The Company continues to implement proven strategies and its disciplined approach to capital allocation. As a result, the financial position of Canadian Natural remains strong. Canadian Natural's funds flow generation, credit facilities, US commercial paper program, diverse asset base and related flexible capital expenditure programs all support a flexible financial position and provide the appropriate financial resources for the near-, mid- and long-term.

• The Company's strategy is to maintain a diverse portfolio balanced across various commodity types. The Company achieved production levels of 1,050,376 BOE/d in Q1/18, with approximately 98% of total production located in G7 countries.

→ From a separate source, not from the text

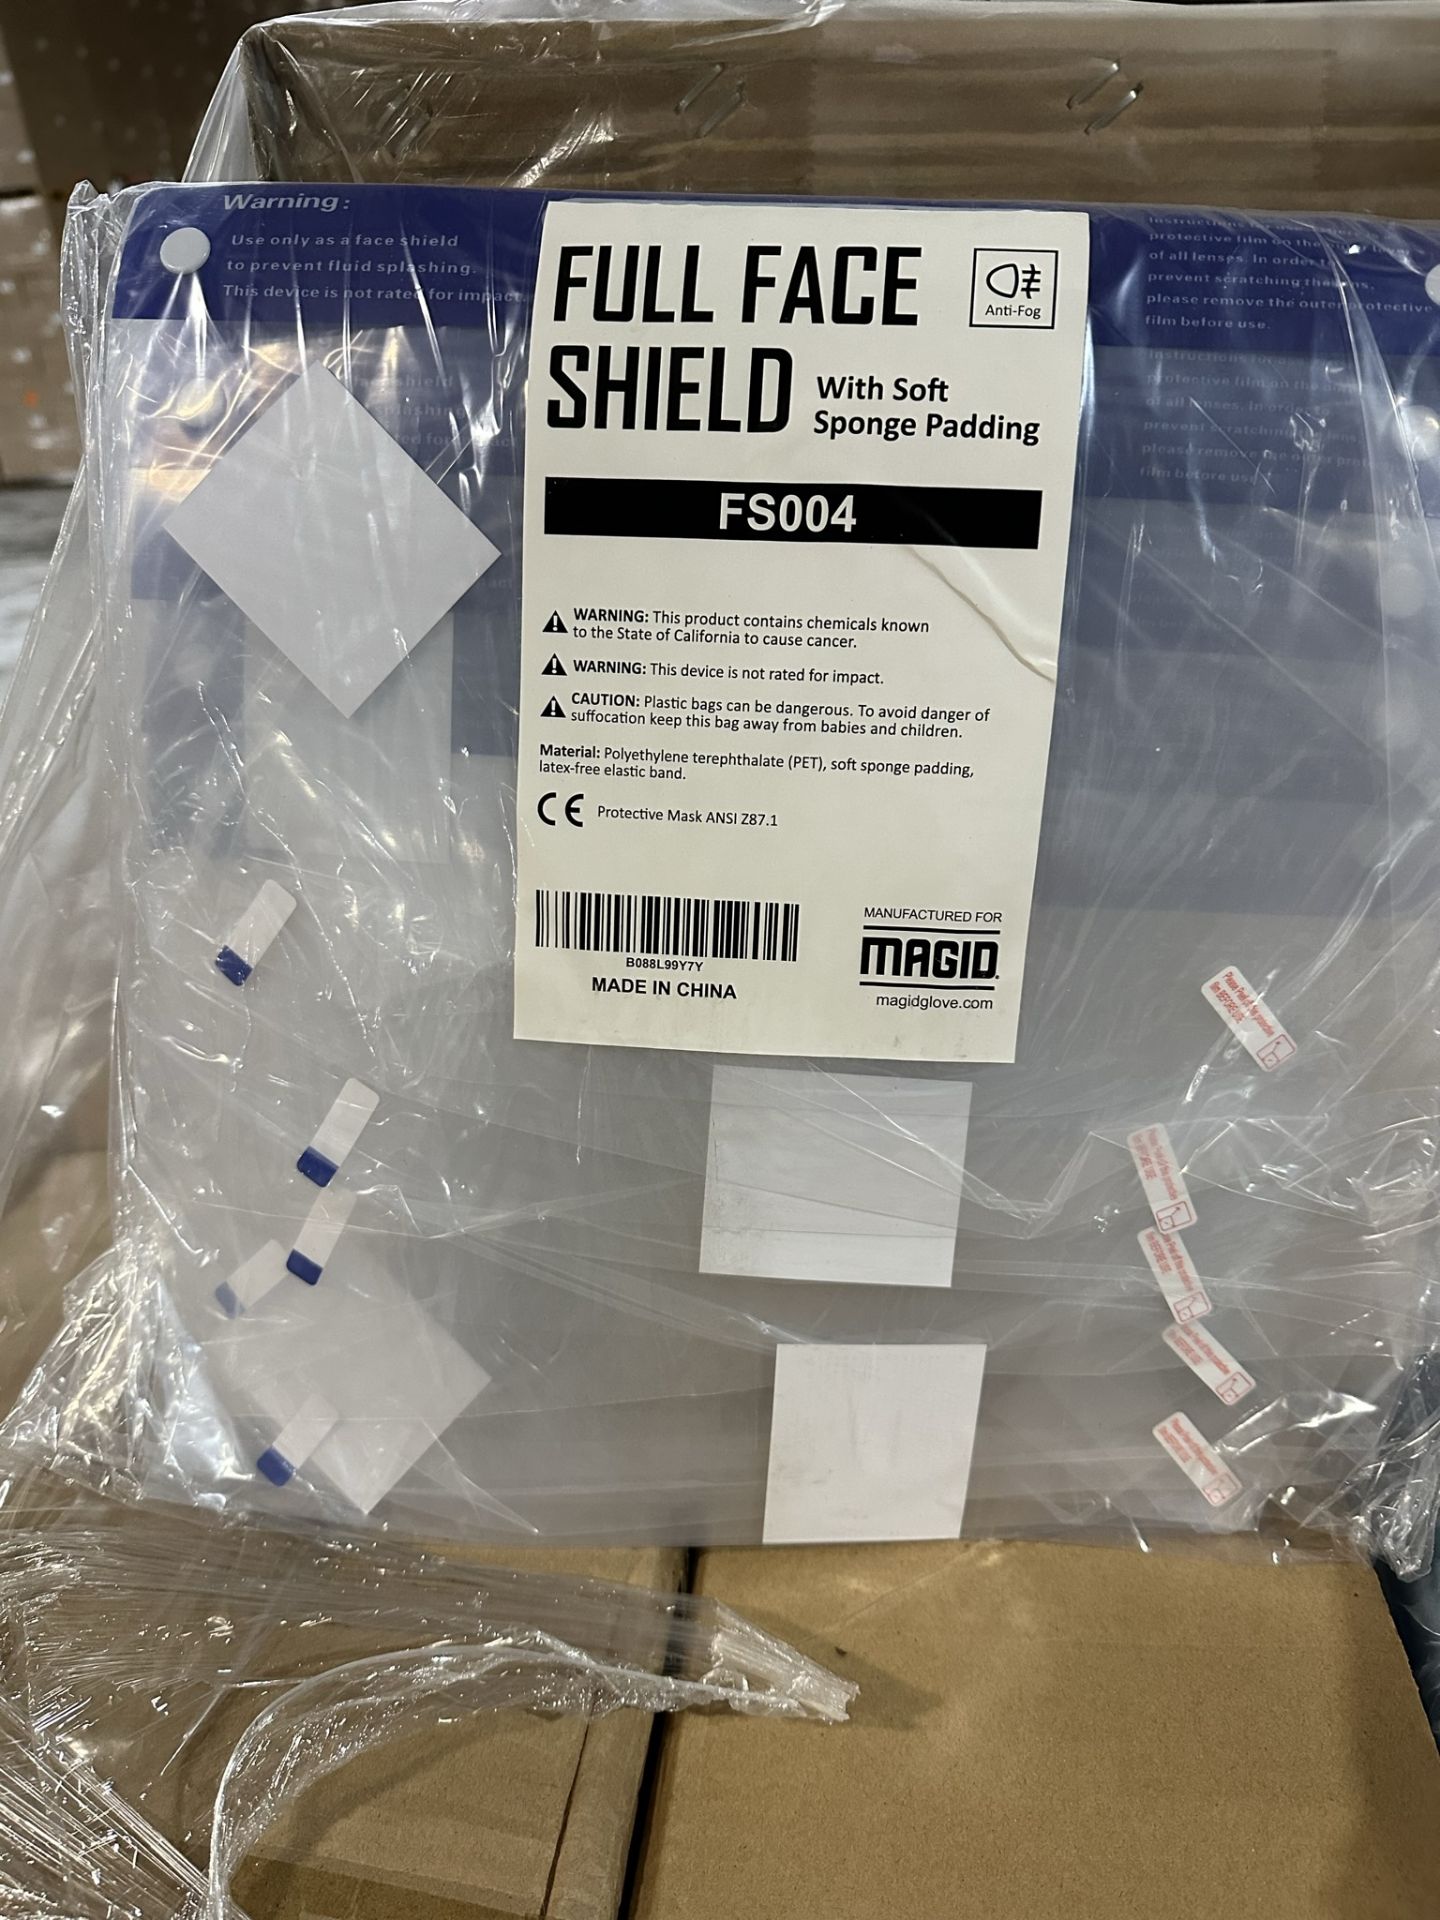 Lot of (100) Cases of Magid Full Face Shield with Soft Sponge Padding - Image 2 of 2
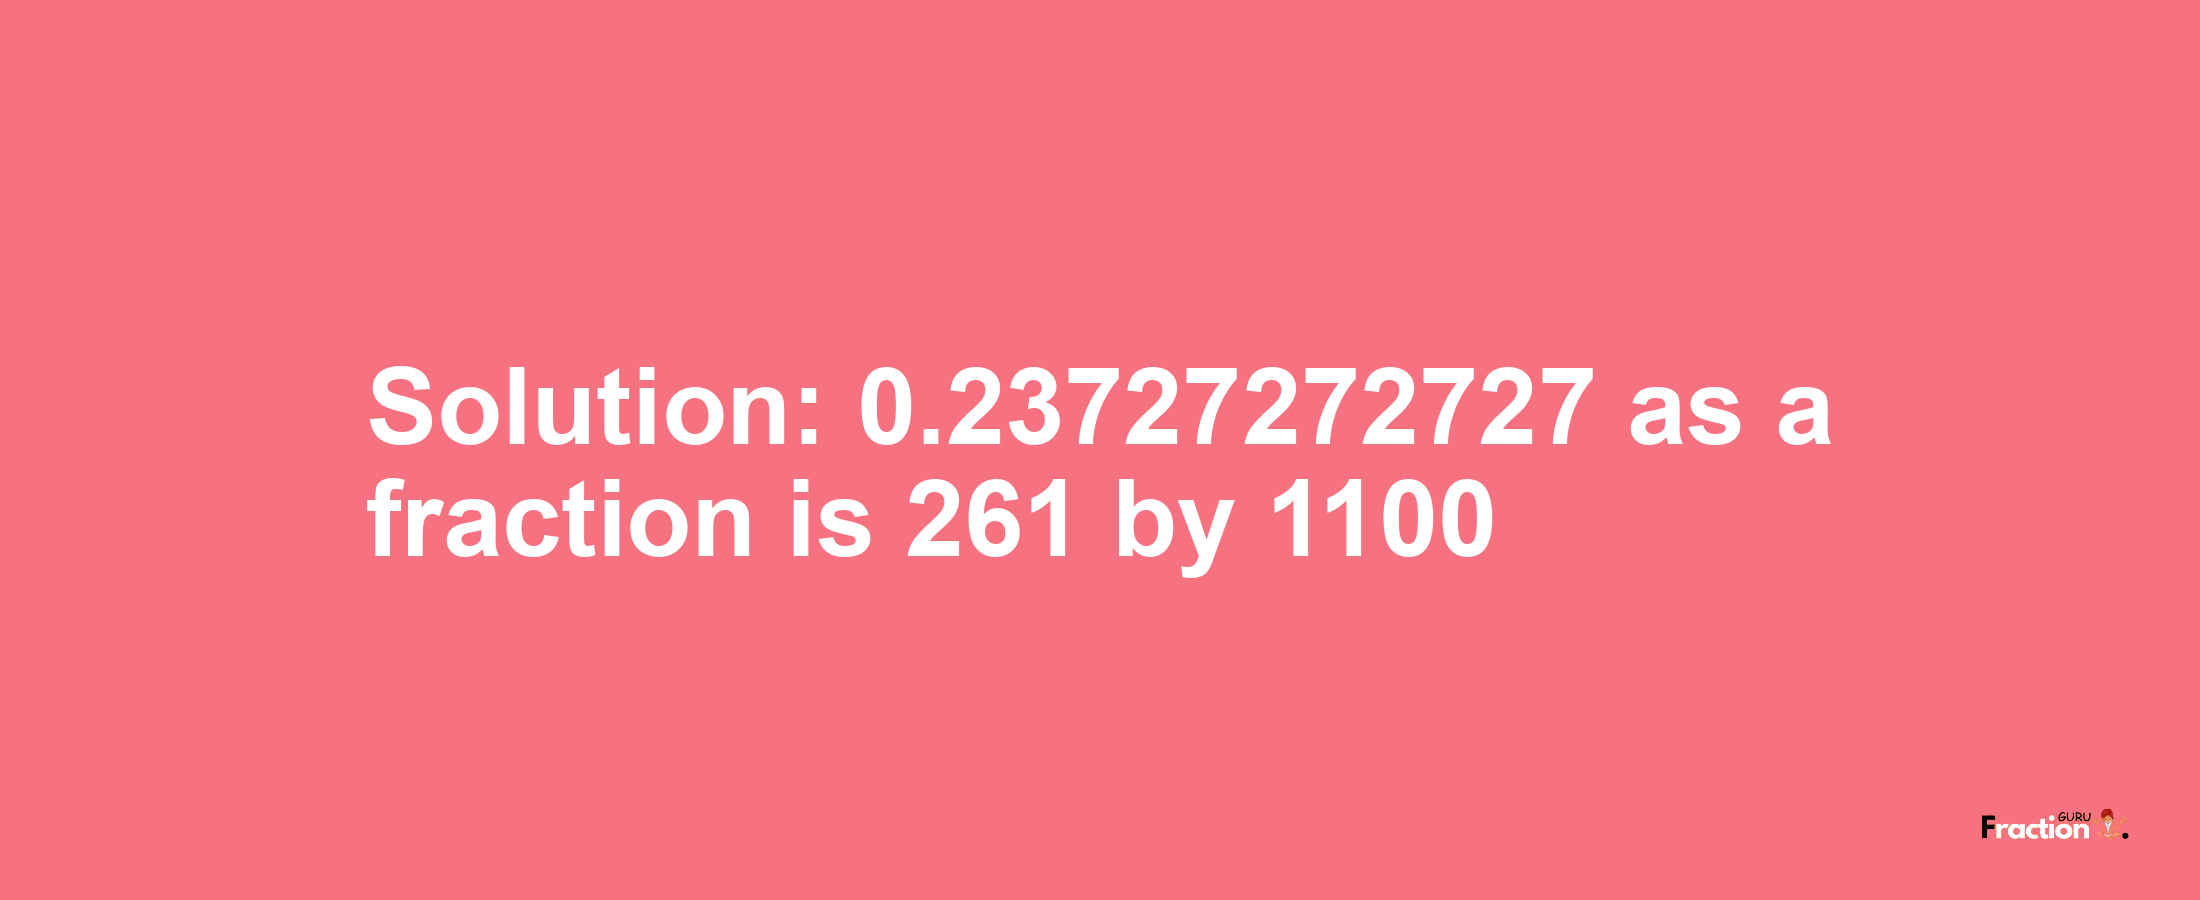 Solution:0.23727272727 as a fraction is 261/1100

  • Canadian Natural maintains a balance of products with current approximate product mix on a BOE/d basis of 50% light crude oil and SCO blends, 25% heavy crude oil blends and 25% natural gas, based upon the midpoint of annual 2018 production guidance.
  • Canadian Natural's production is resilient as long life low decline assets make up approximately 73% of 2018 liquids production guidance, including the AOSP, Horizon, Pelican Lake and thermal in situ oil sands assets.

• In Q2/18, Canadian Natural delivered funds flow from operations in excess of capital expenditures of approximately $1,730 million, an increase of approximately $510 million and $890 million from Q1/18 and Q2/17 levels respectively.

• Balance sheet strength continues to be a focus of the Company and strong financial performance was demonstrated in Q2/18 through reduced long term debt and extensions of select credit facilities.

  • In Q2/18, Standard & Poor's revised the Company's rating outlook from BBB+/negative to BBB+/stable.
  • In Q2/18, the Company reduced long term net debt by approximately $610 million, from Q1/18 levels.
  • Additionally, the Company has reduced long term debt in the past 12 months since the AOSP acquisition by approximately $2,500 million, from Q2/17 levels, when including the retirement of the deferred AOSP acquisition liability.
  • Canadian Natural maintains strong financial stability and liquidity represented by cash balances and committed bank credit facilities. At June 30, 2018 the Company had approximately $4,800 million of available liquidity, including cash and cash equivalents, an increase of approximately $800 million from Q1/18.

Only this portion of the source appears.